[R-sig-Geo] Question about LM test for residual autocorrelation in R
Hodgess, Erin
HodgessE at uhd.edu
Tue Jul 9 23:07:11 CEST 2013
Hi Dongwoo:
I tried the following example:
> erin1 <- summary(COL.mix.eig, correlation=TRUE, Nagelkerke=TRUE)
> names(erin1)
[1] "type" "rho" "coefficients" "rest.se"
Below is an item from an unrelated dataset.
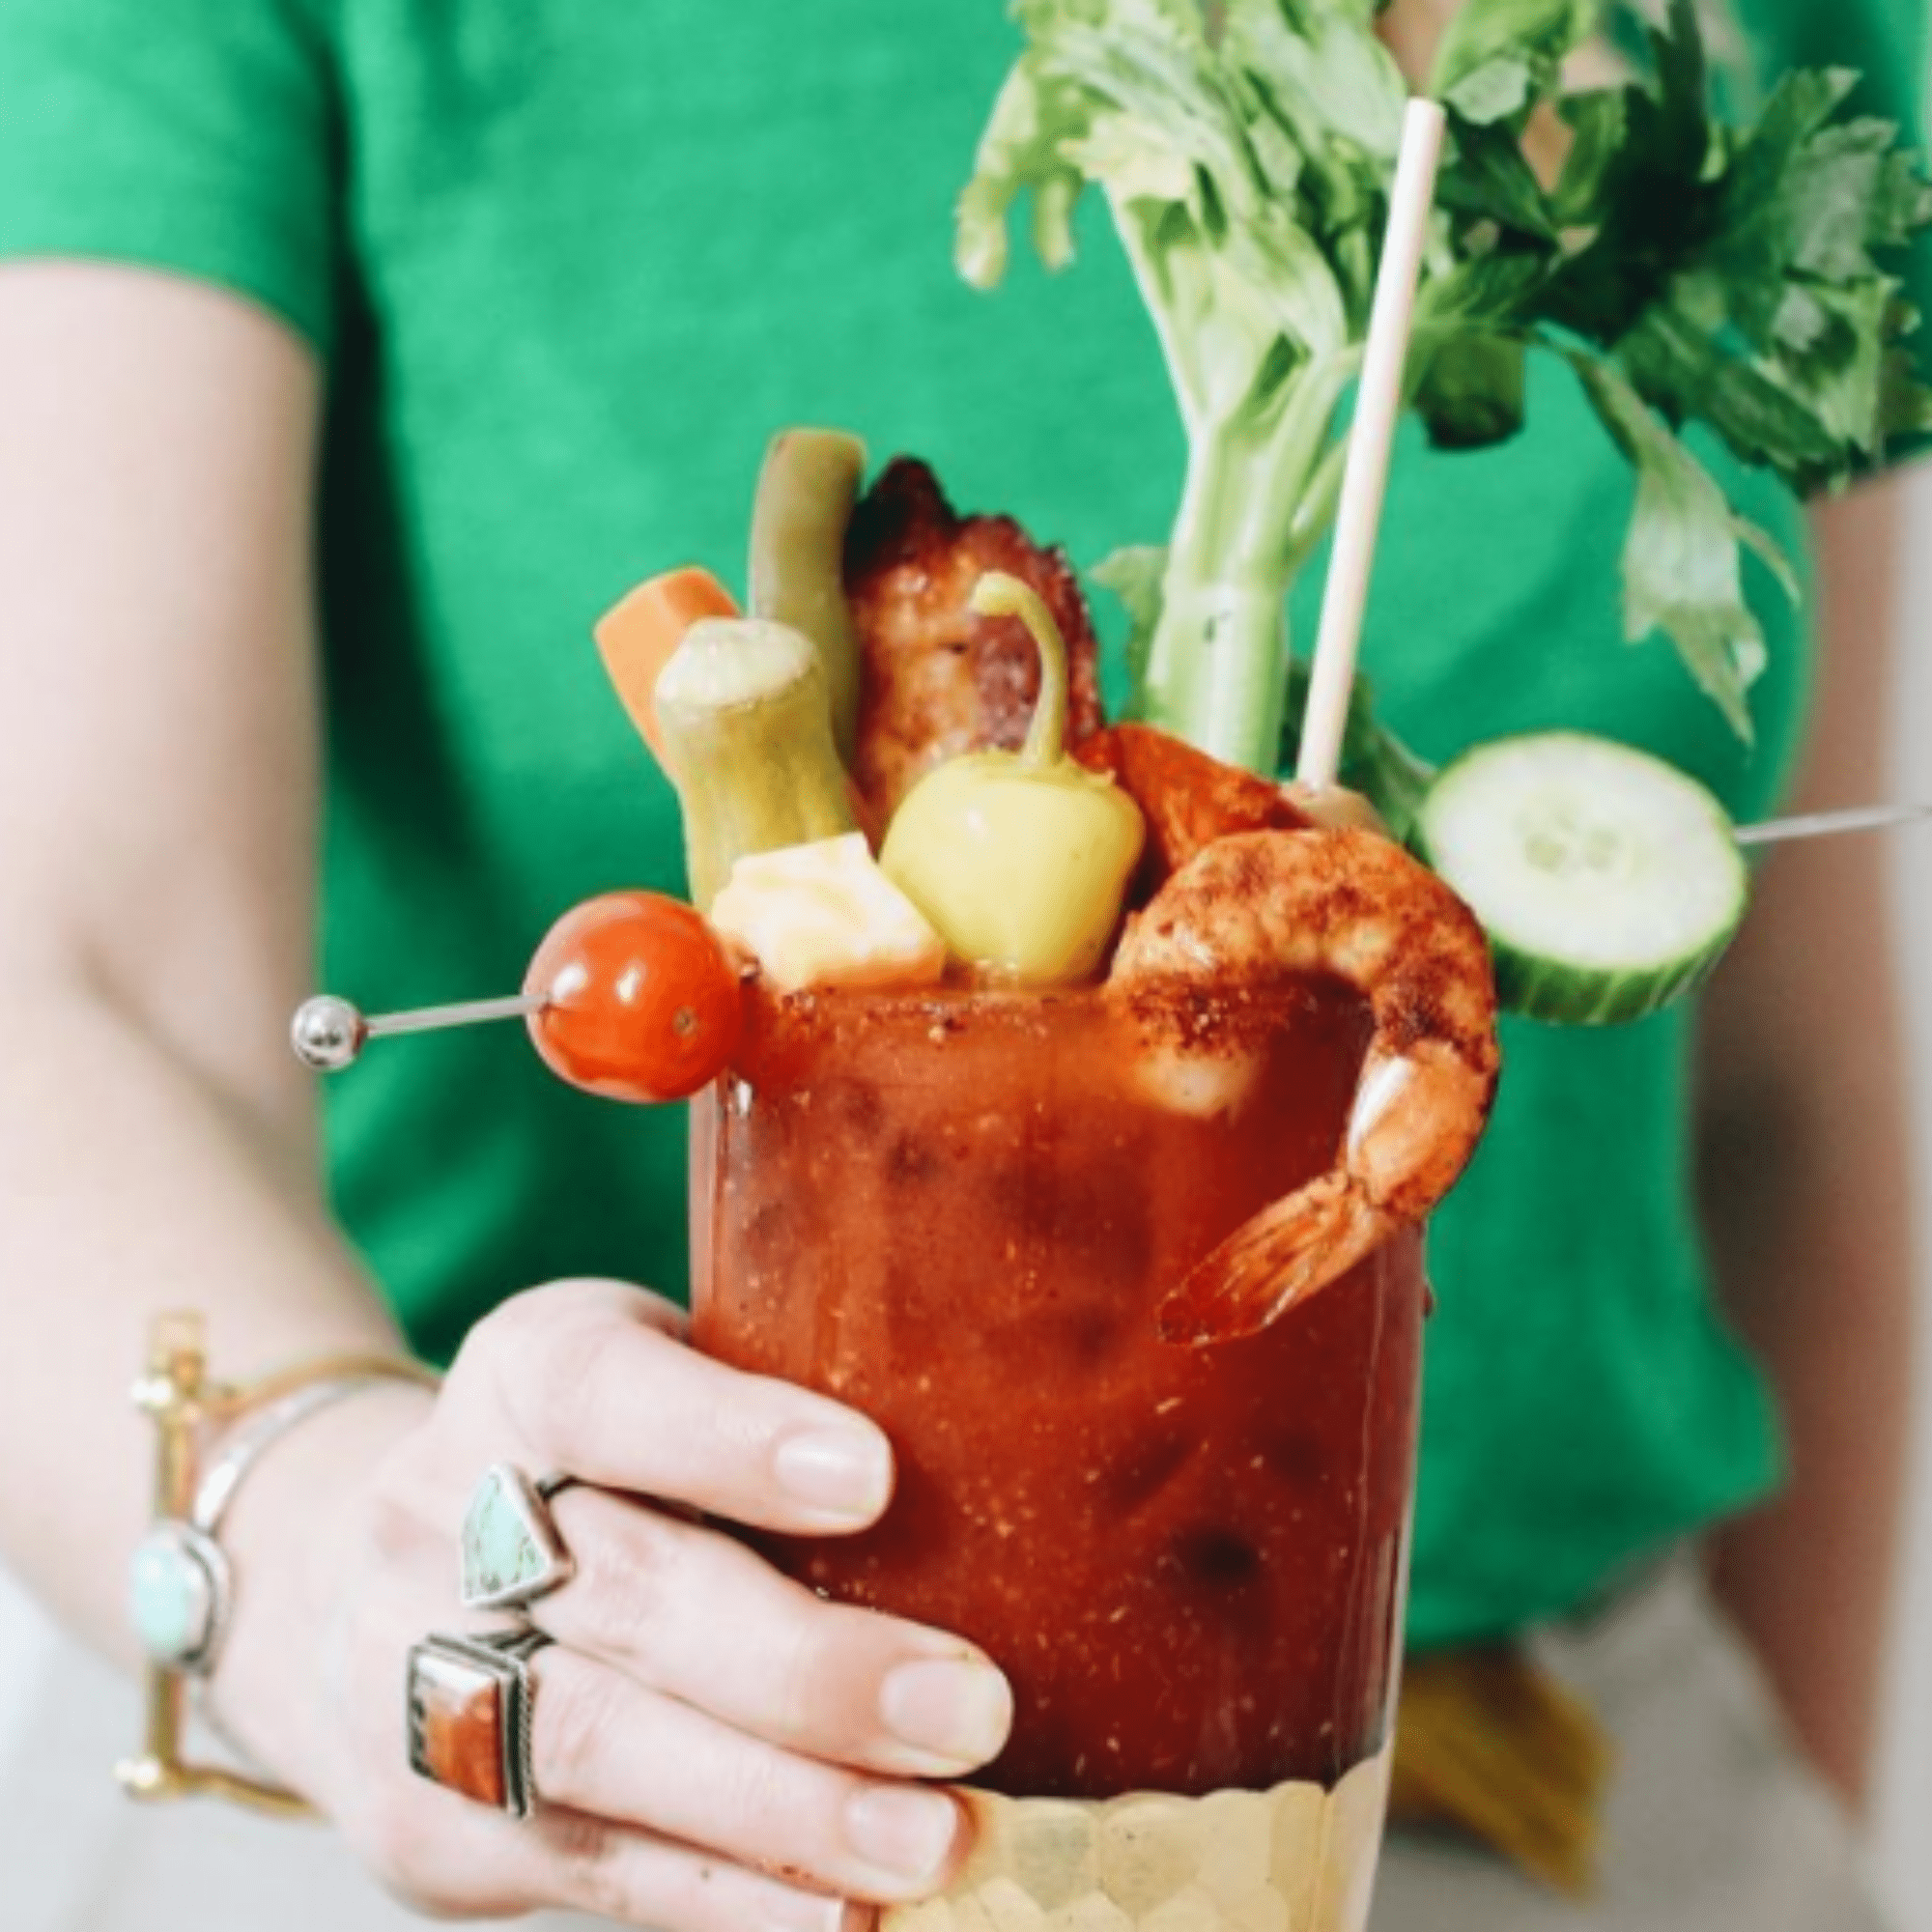 bloody mary with many garnishes and a tall wheat straw
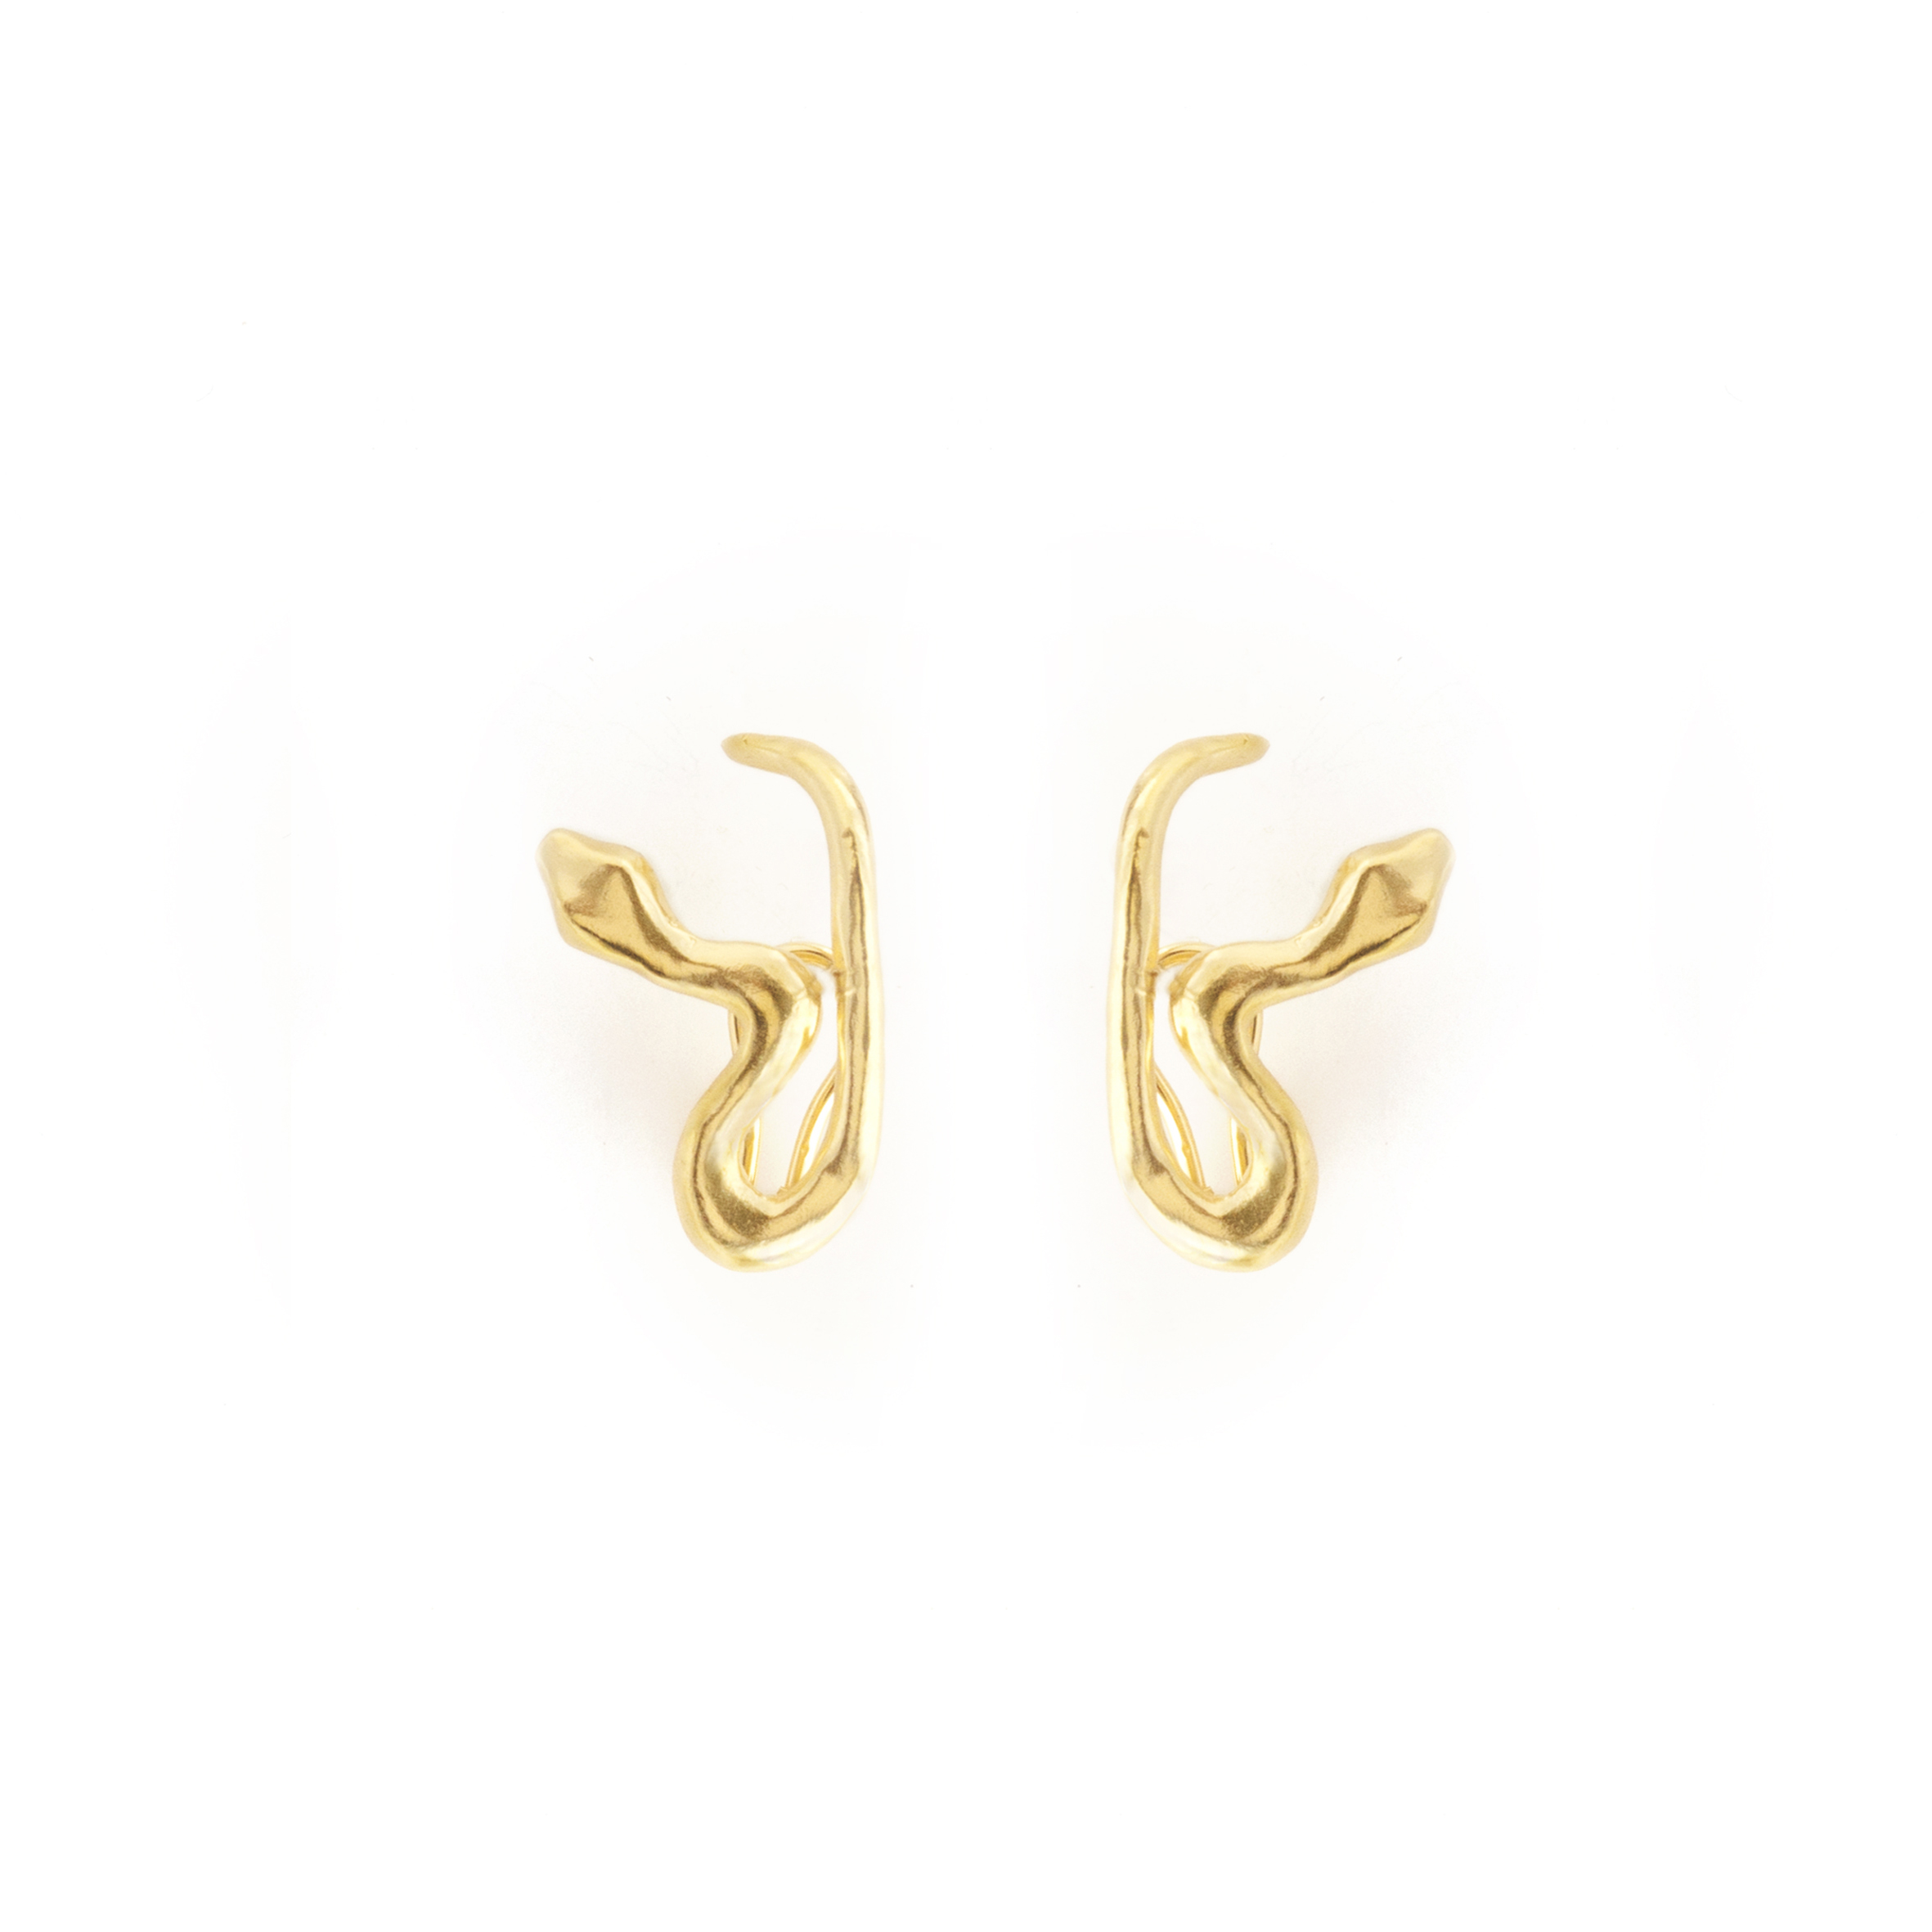 BODY_tail earrings gold plated bronze

[5] "LL" "s2" "SSE" "parameters"
[9] "logLik_lm.model" "AIC_lm.model" "method" "call"
[13] "residuals" "opt" "tarX" "tary"
[17] "y" "X" "fitted.values" "se.fit"
[21] "similar" "ase" "rho.se" "LMtest"
[25] "resvar" "zero.policy" "aliased" "listw_style"
[29] "interval" "fdHess" "optimHess" "insert"
[33] "trs" "LLNullLlm" "timings" "f_calls"
[37] "hf_calls" "intern_classic" "coeftitle" "Coef"
[41] "NK" "Wald1" "correlation" "correltext"
[45] "LR1"
> erin1$LMtest
[,1]
[1,] 0.2891926
>
and it does indeed have the LMtest result.
Or were you looking for the formula, please?
Thanks,
Erin
________________________________________
From: r-sig-geo-bounces at r-project.org [r-sig-geo-bounces at r-project.org] on behalf of Dongwoo Kang [dwkang1982 at gmail.com]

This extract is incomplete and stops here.